Tag Archives: single-page apps

Why we abandoned server generated web pages

1. You’re constantly transporting state back and forth between client and server (and often neglecting to do so).

The next time you’re in GMail, notice something interesting about selecting emails. If you check several emails for a mass operation and then realize you’re not altogether sure about one email, so you click to read it, then you come back out to the list, the same emails are still checked. Now do the same test in an app written in any of the classic Java, PHP, Python, etc. frameworks. In those, when the user clicks on the email to view it:

  1. In all likelihood it was just a link so all of the client-side state (the checked and unchecked checkboxes) is immediately discarded by the browser.
  2. Some “clever” frameworks make that link not really a link, instead, they generate JavaScript client side which invokes a POST (as if a form was submitted), the checkboxes do get submitted to the server, stored somewhere in the user’s session, and then hopefully sent back down with the next request for the page that had the original list of checkboxes. Our links aren’t really links, there’s lots of JavaScript magic going on behind the scenes that most people you work with don’t even begin to understand and, trust me, trust me when I say this… It breaks. And it breaks badly.

2. It’s slow, slow, and did I mention slow?

  1. The development cycle itself is slower. I can throw up a temporary API using a variety of tools (or mock it client side using something like $httpBackend) and start work on the UI immediately. As I make each change I just have to refresh the browser to see my change in place. In fact, if I use tools like the Grunt server the browser refresh is automatically triggered when I save a changed file so I can just glance over at it and evaluate the results without leaving my code.

    Most server side frameworks involve a compilation step of some type (for example, Java’s JSPs are translated to servlets and then those are compiled to a byte code for the VM). Thus I have a longer wait to view each change I make.

  2. If my UI is built client-side with HTML, CSS, and JavaScript then it’s way more efficient because the only data which is being transported back and forth is that sent via the API calls to the server. I don’t have to ship a complete list of all the products wrapped in HTML layout one minute, and then minutes later what is effectively the exact same list (minus one or two and plus one or two) again wrapped in a bunch of HTML formatting. Note: Some of this can carry over to content delivery networks as well because an all static files front-end works really well around the world.
  3. Users get tired of every thing they click upon meaning another trip to the server. If they just looked at that data a minute ago, it may well be in memory locally so showing it again is free. But if I have to go to the server again to get it re-rendered for re-display, I can get really old fast. I think we can all point to a site where we are frequently frustrated by the slow performance.
  4. And why is it slow? Well, because it’s not just persisting data and performing queries on it, it’s also combining that data with HTML templates of some flavor to generate full pages and doing so over and over and over again. More work for the server means more servers needed, more time spent on performance tuning, etc.

3. It’s a more complicated programming model.

  1. If you do a lot of web applications where the pages don’t use any JavaScript to pull data on the fly, validate user’s forms in real time, etc. then that’s great.
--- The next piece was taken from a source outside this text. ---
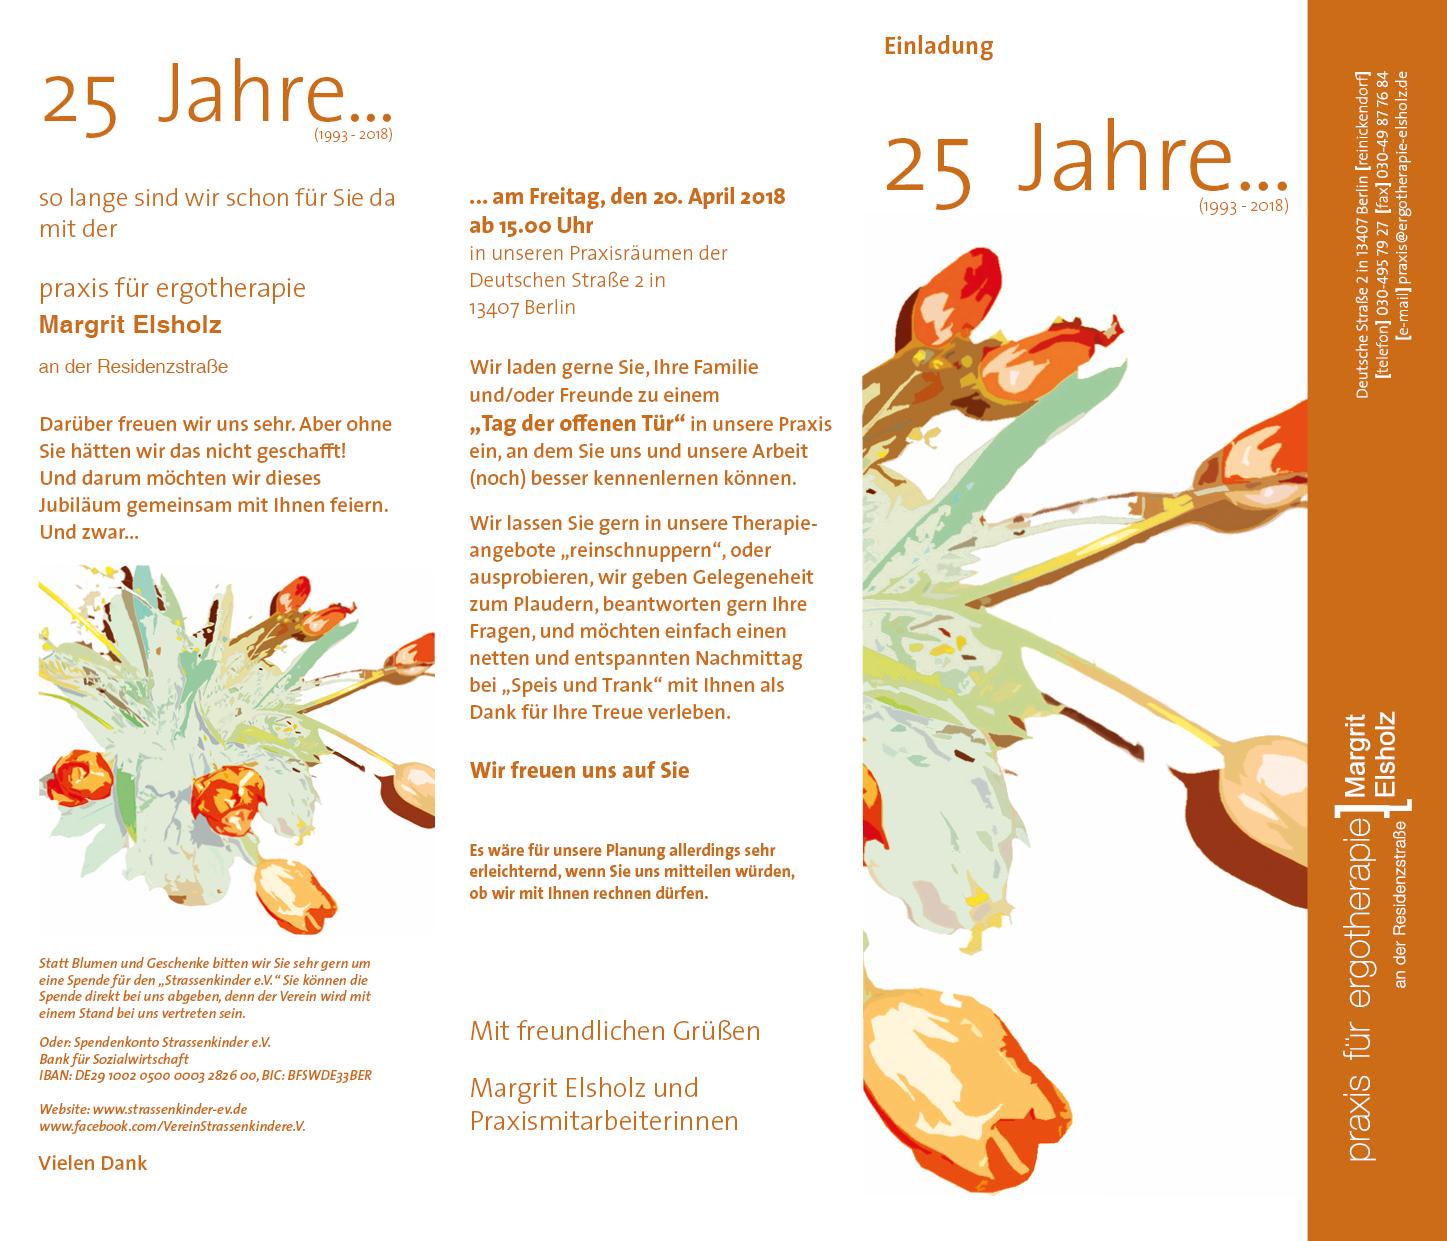 Ergotherapie_Elsholz_Einladung_25_Jahre_2018_digital_2

But if you are then you’ve got a wonderful hybrid going where sometimes you work in one language server side but you also use JavaScript client-side and you’ve got two different models just for one UI.
  2. For many frameworks, lots of middle tier complexity can leak into the pages, making them way more complicated than HTML and thus much harder for designers (and programmers) to work on. I’ve seen this most often in frameworks where designers are expected not to use standard HTML. Instead they’re supposed to use perfect XML where every tag perfectly matches a closing tag and not a bracket is out of place, or they can’t use the <a>, <form>, <input>, etc. tags, instead each has some replacement which is supposed to be used which typically functions about 70% or so the same as the regular tag.
  3. I loved this recent quote about JSF, a technology that I rejected at a previous employer because it was very clear that it was designed by committee and not extracted from real projects (like say Ruby on Rails):

4. Debugging is much more complicated.

Something as simple as how some HTML is rendering may require me to setup a debugger on a server on a remote machine because it is being generated from an intermediate file and data on the server.

With AngularJS or similar JavaScript frameworks, I can first look to see if the data came to the browser without problems. That involves just looking at the JSON I received from my API calls. If that’s good then I can set breakpoints in the JavaScript in the browser to see how the JavaScript code flow is going awry. On data flowing from client to server I can usually just consult the browser to see what was sent and I again know whether I’m looking at a client or server problem.

Software Rants

Mine is not a real software rant, I wrote it tongue-in-cheek after reading one just this week which spun up a bunch of people. Like most of the others, I skipped gracefully past some problems:

  • I still have non-API uses for servers. If I need a CSV or XLS file for download, it’s still way easier to have that generated on the server than to try and craft it client side with JavaScript.
  • I glossed over areas where the server generated web pages have advantages (for example, if your users are developmentally disabled and insist on staying on IE 7 or keeping JavaScript turned off).
  • I also skipped over the fact that there are browsers like older versions of IE where the debuggers are very poor and debugging can be just as painful client-side as it is for server-side.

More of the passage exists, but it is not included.